** Opening Provided data block **

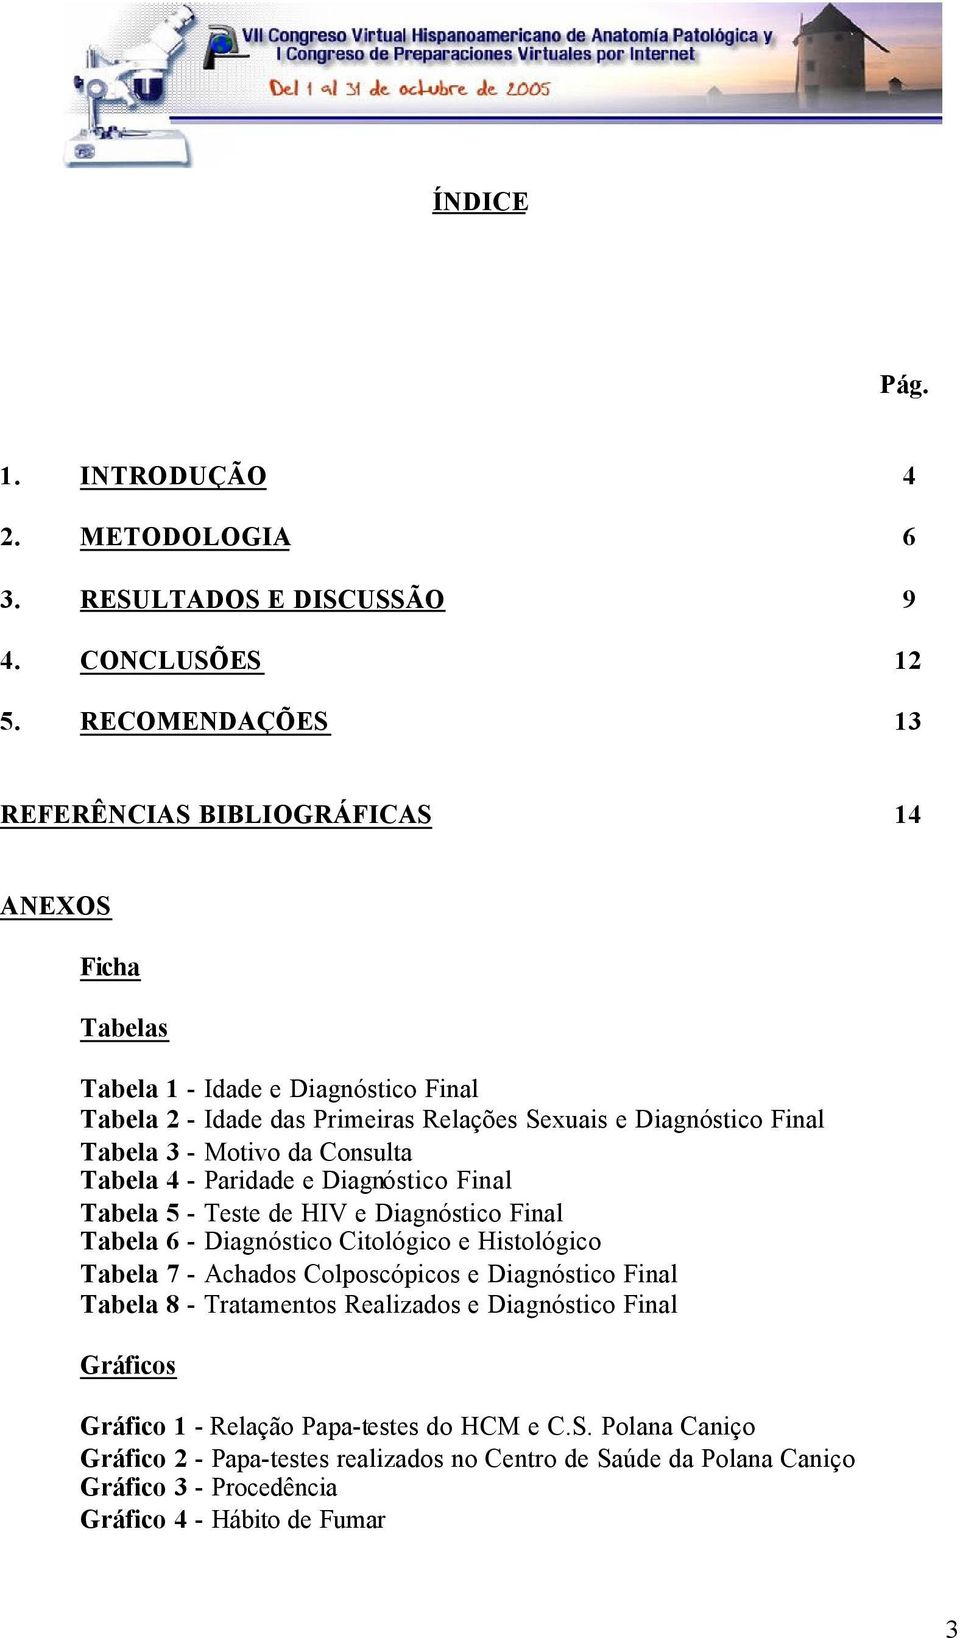 - Motivo da Consulta Tabela 4 - Paridade e Diagnóstico Final Tabela 5 - Teste de HIV e Diagnóstico Final Tabela 6 - Diagnóstico Citológico e Histológico Tabela 7 - Achados
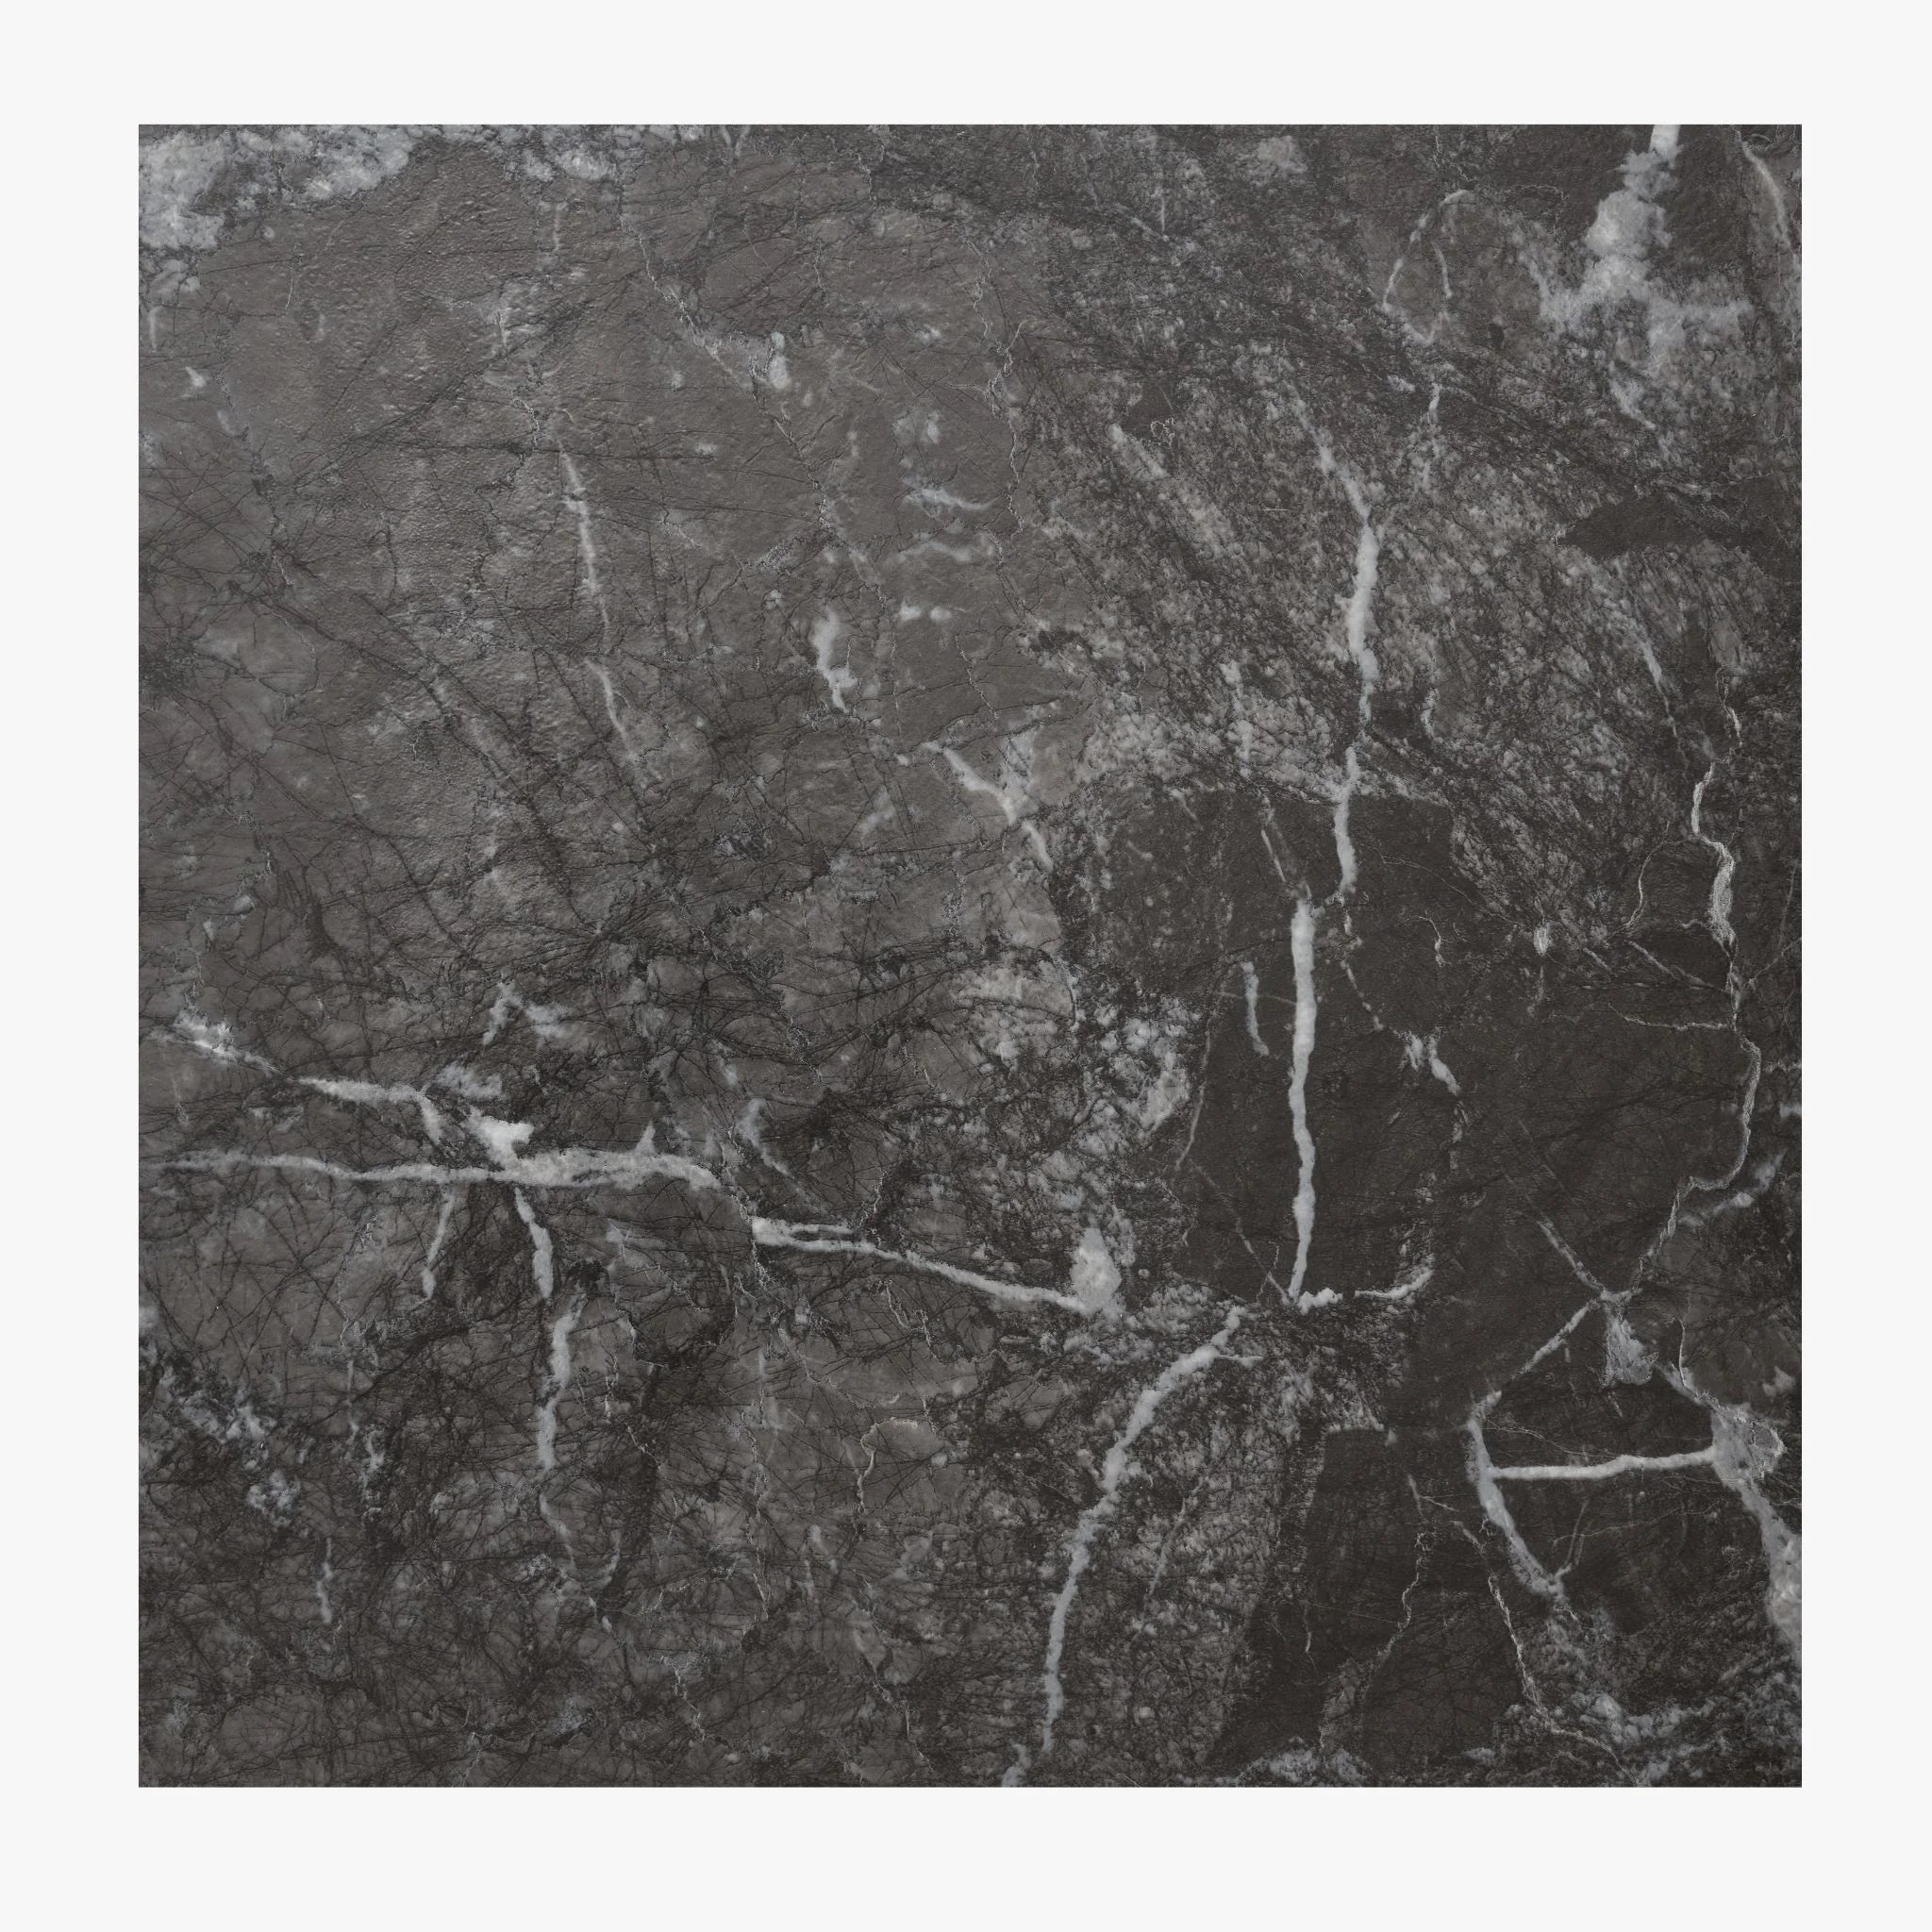 detailed view of black tile-effect concrete flooring with subtle grain patterns
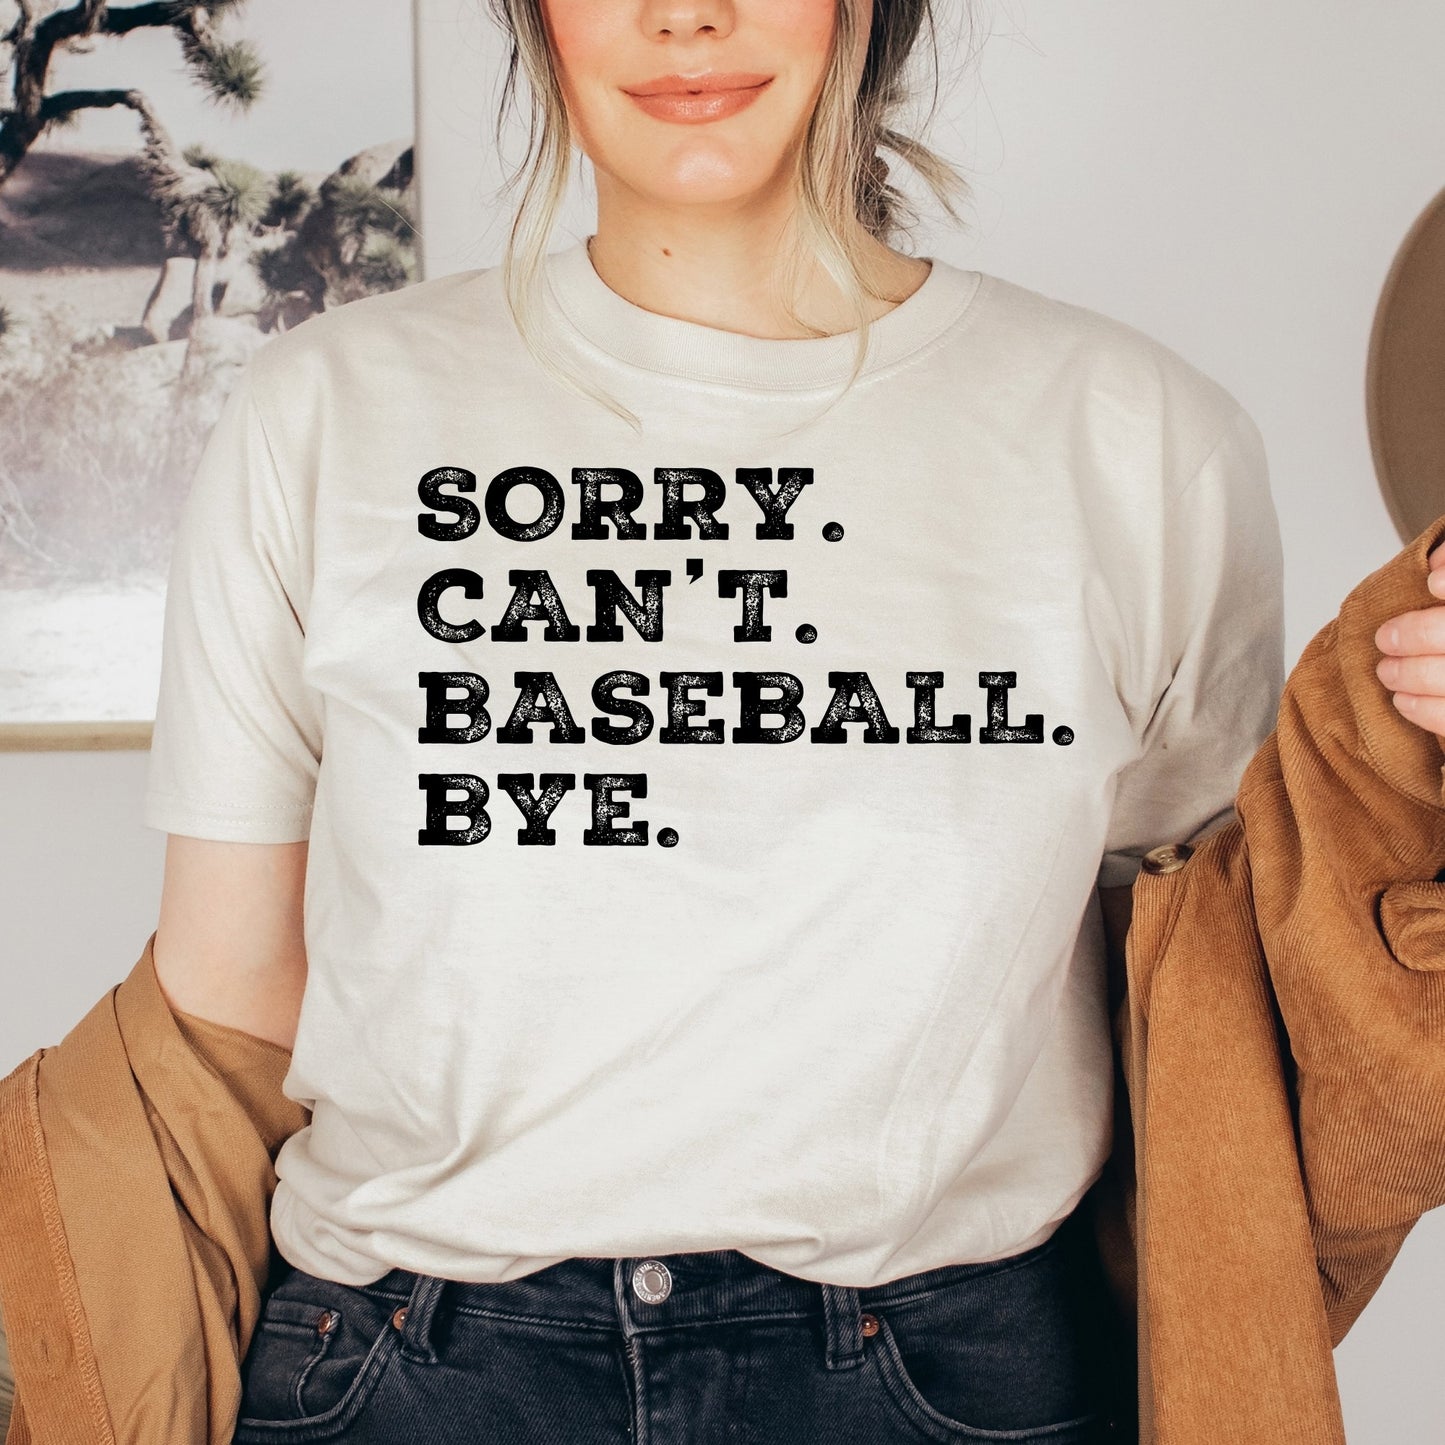 Sorry. Can't. Baseball. Bye. Shirt

** Closing Provided data block **

> What the task requires
Leave out the pictures and repeat the remaining data exactly.

> Exercise output
 - Motivo da Consulta Tabela 4 - Paridade e Diagnóstico Final Tabela 5 - Teste de HIV e Diagnóstico Final Tabela 6 - Diagnóstico Citológico e Histológico Tabela 7 - Achados
 detailed view of black tile-effect concrete flooring with subtle grain patterns
 Sorry. Can't. Baseball. Bye. Shirt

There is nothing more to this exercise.